Source material:
· · · · ·

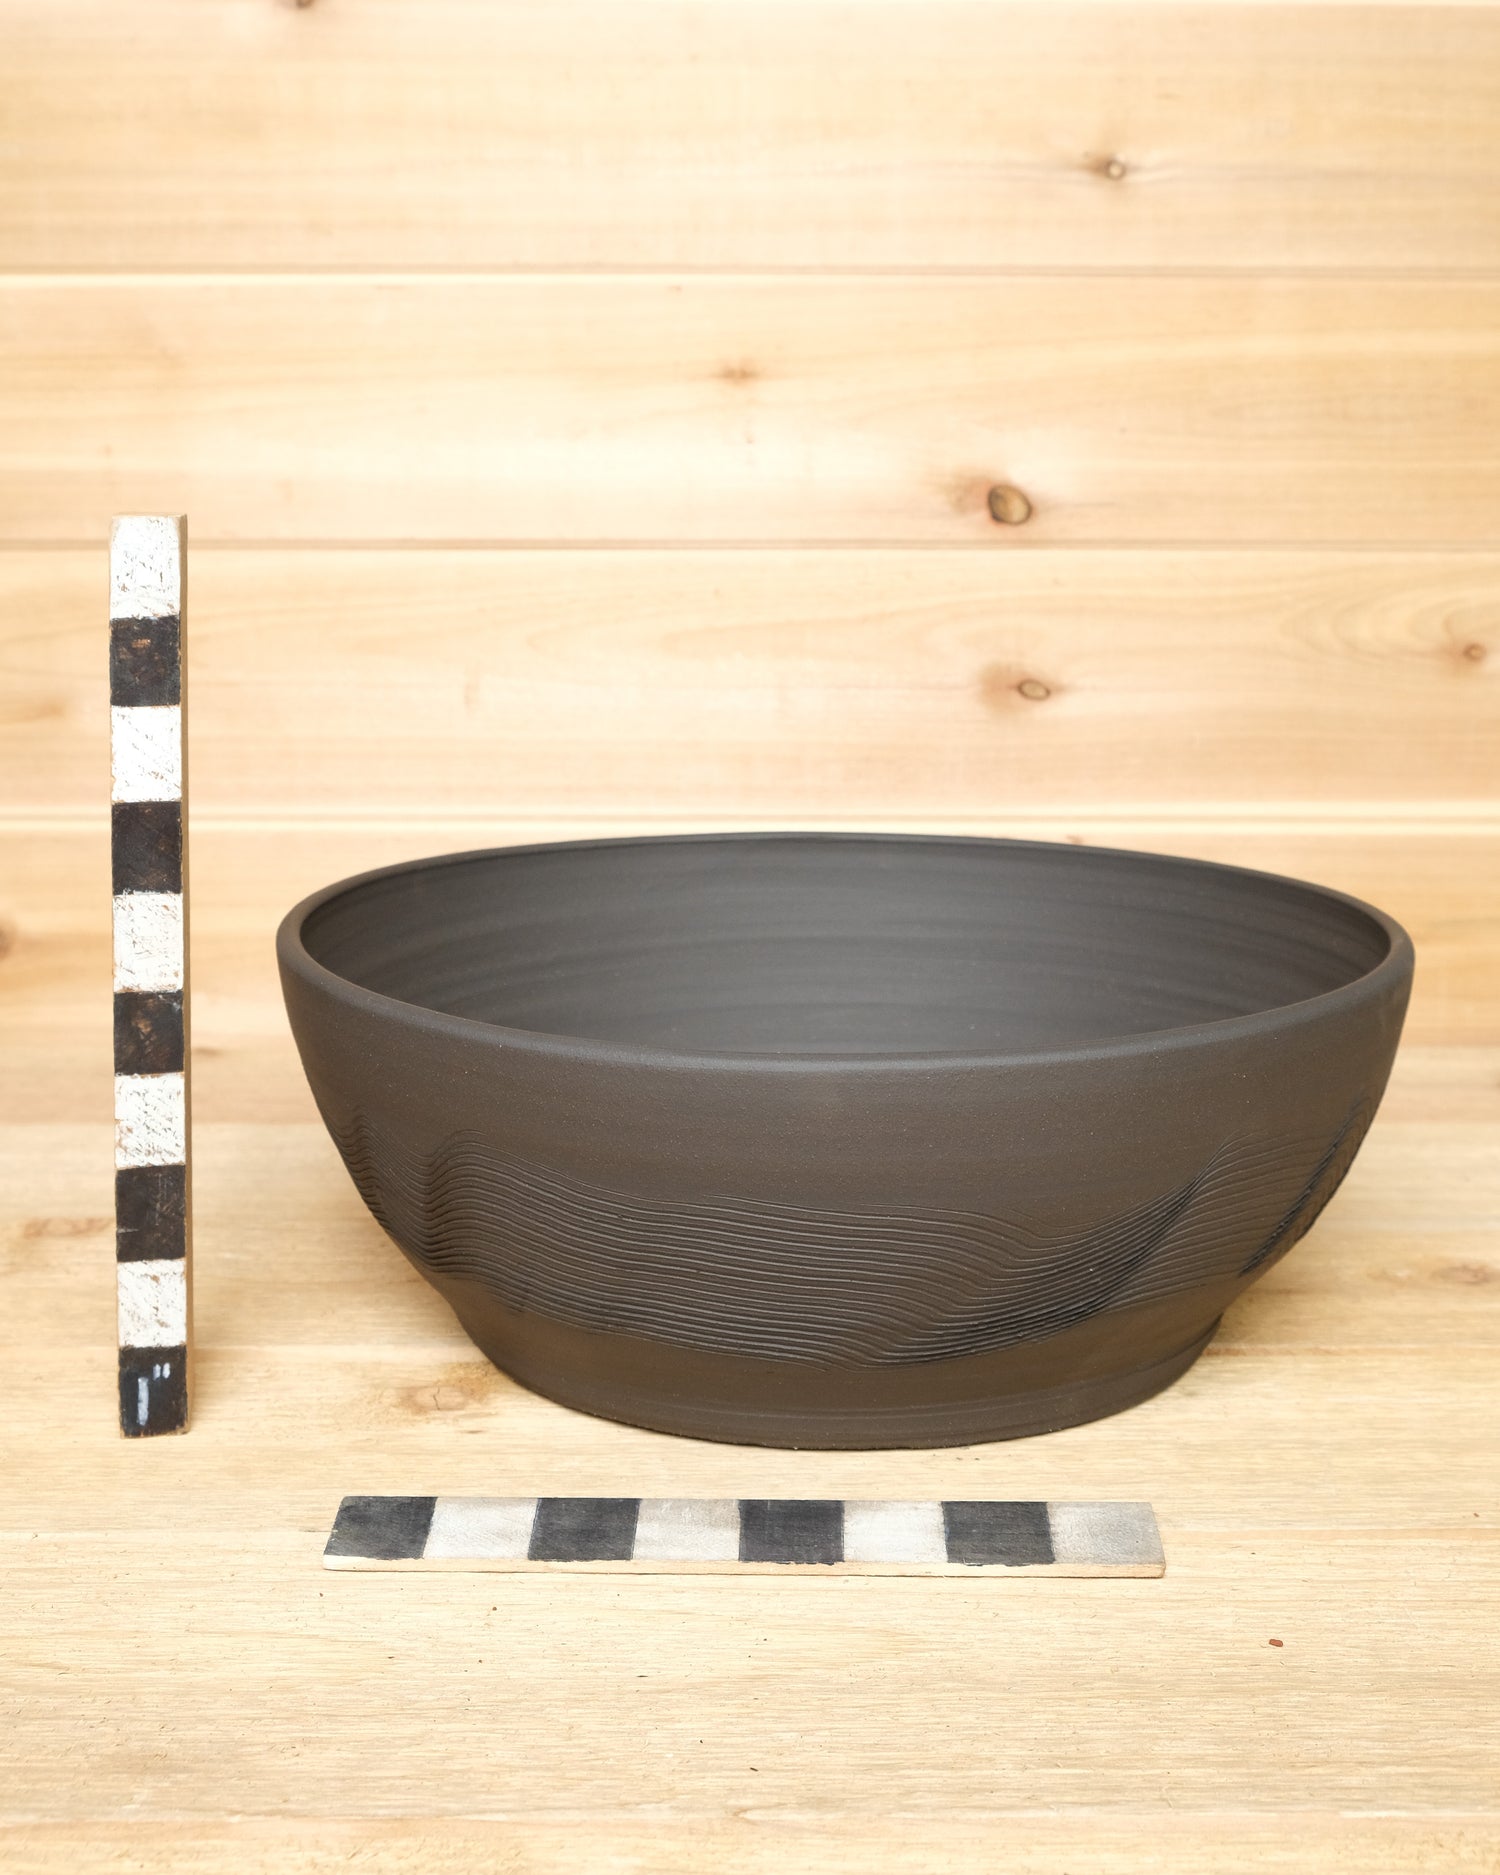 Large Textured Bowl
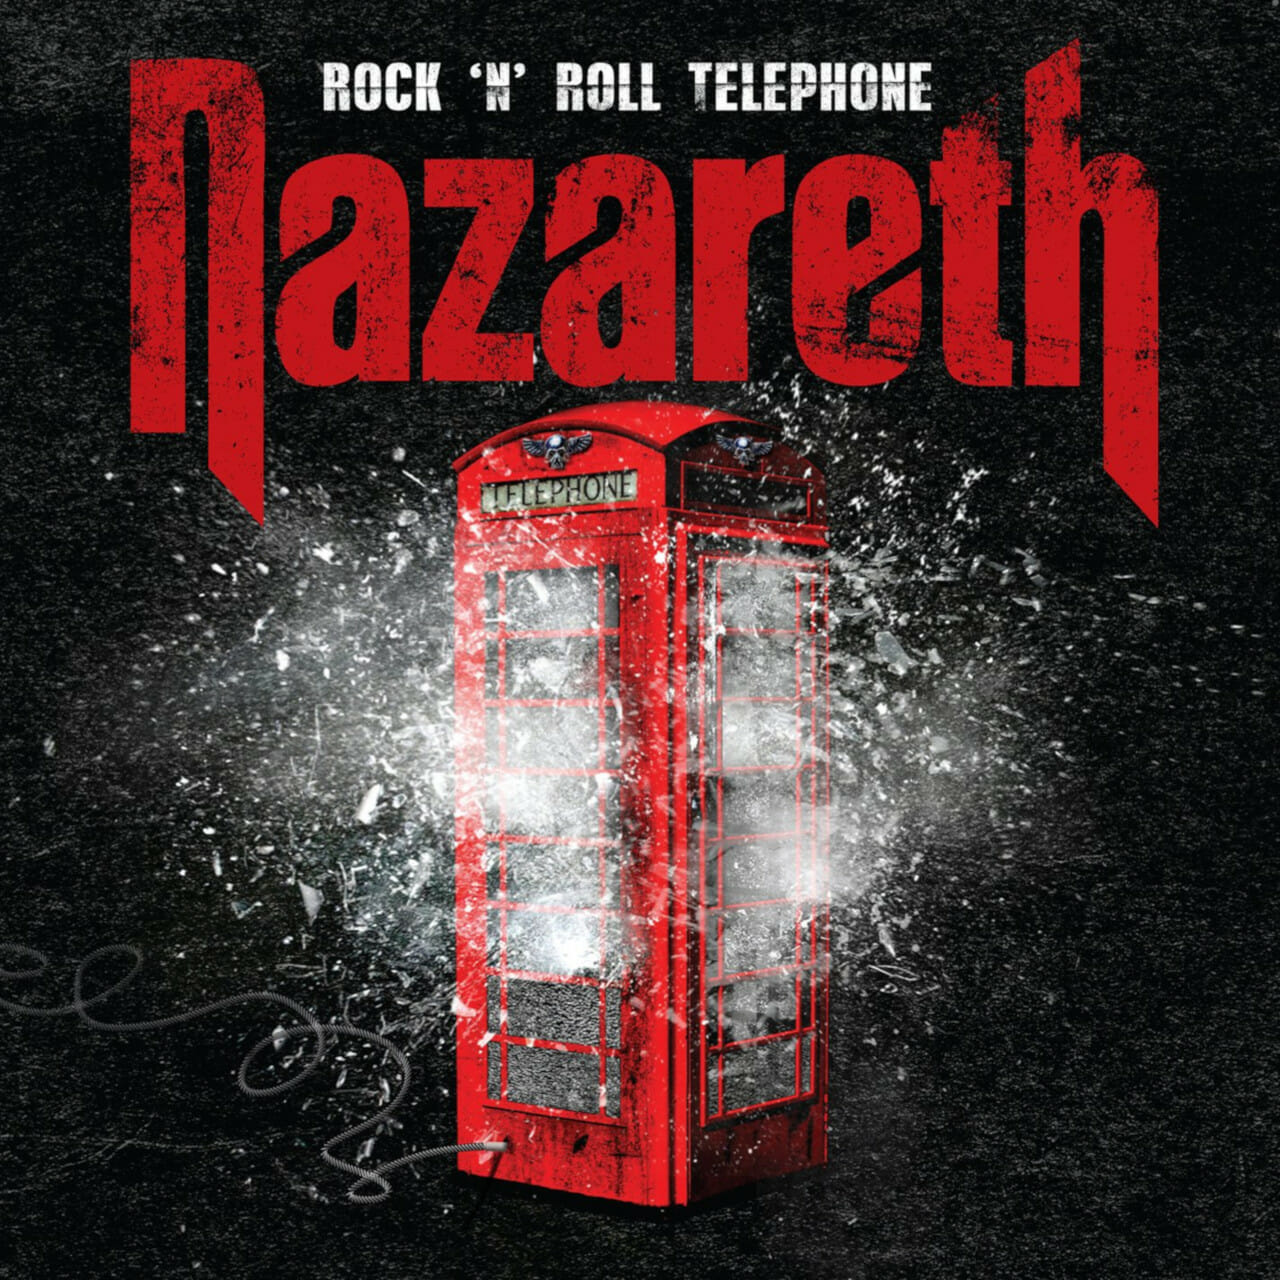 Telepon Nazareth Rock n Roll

· · · · ·

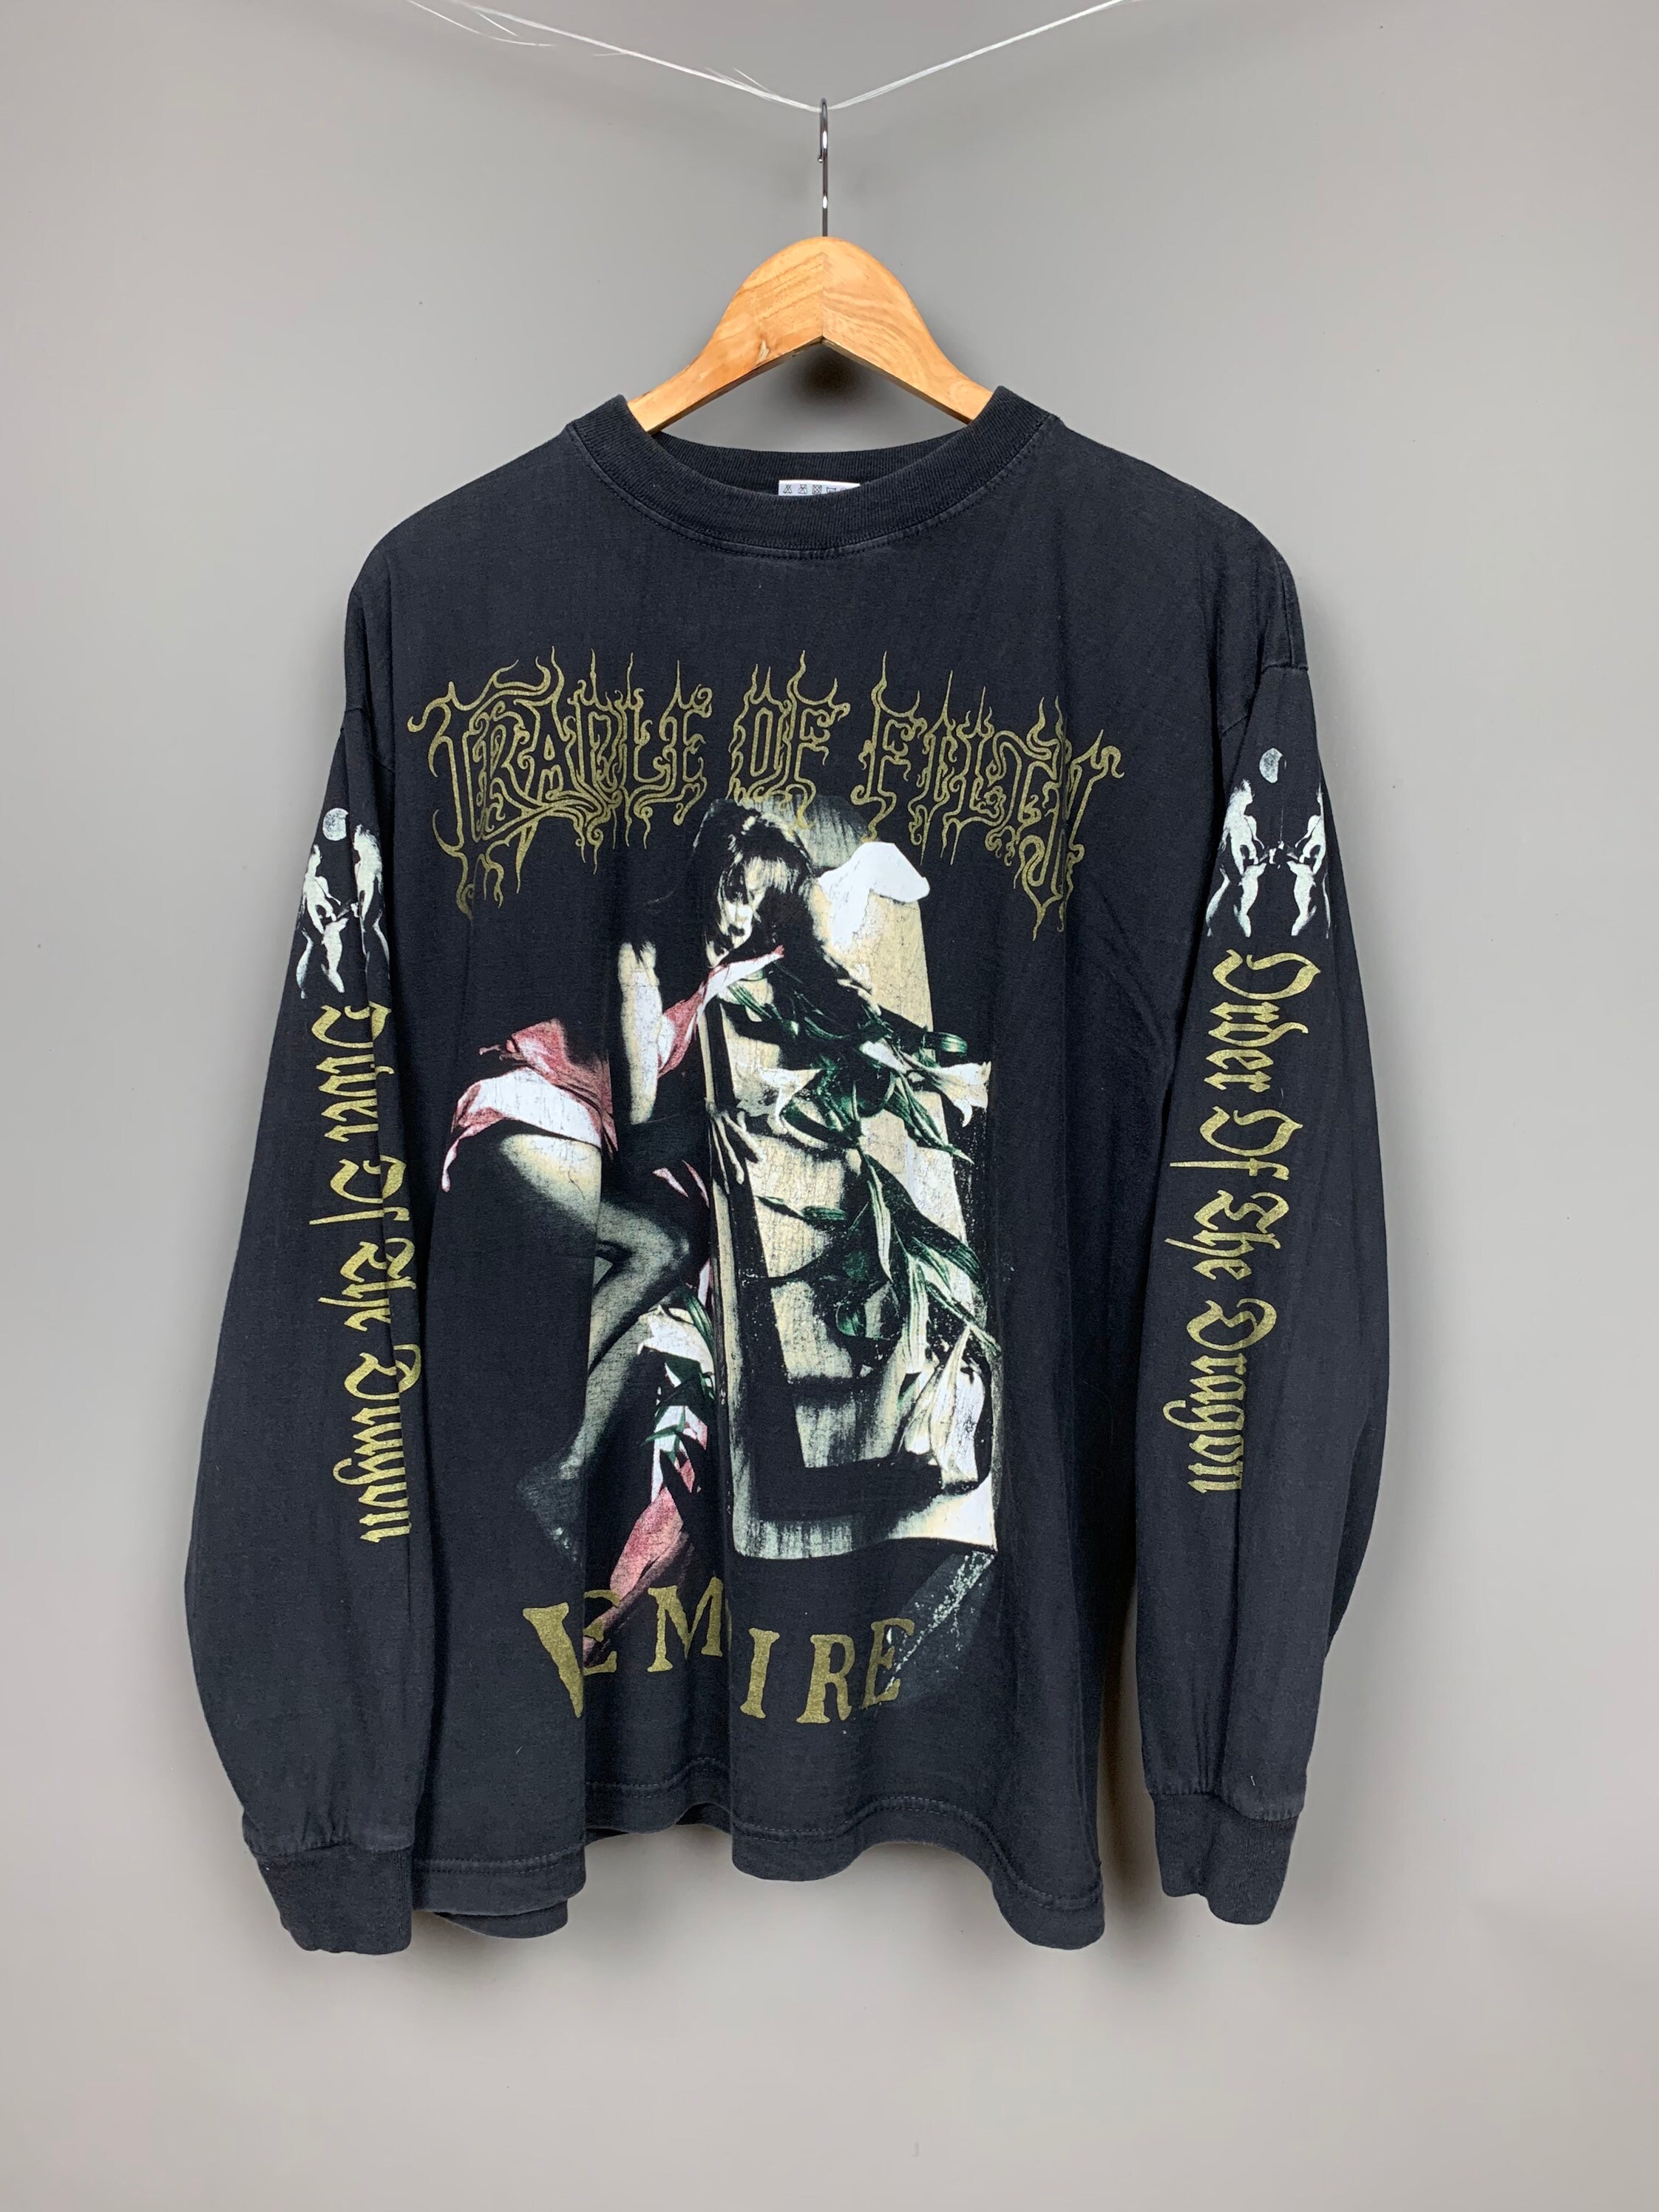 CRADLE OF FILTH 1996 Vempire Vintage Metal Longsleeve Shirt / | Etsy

· · · · ·

What the exercise asks:
Look above for the line containing "Large Textured Bowl" and the line containing "Telepon Nazareth Rock n Roll", then reproduce both and everything between them exactly, pictures omitted.

Output for this task:
 Large Textured Bowl
 Telepon Nazareth Rock n Roll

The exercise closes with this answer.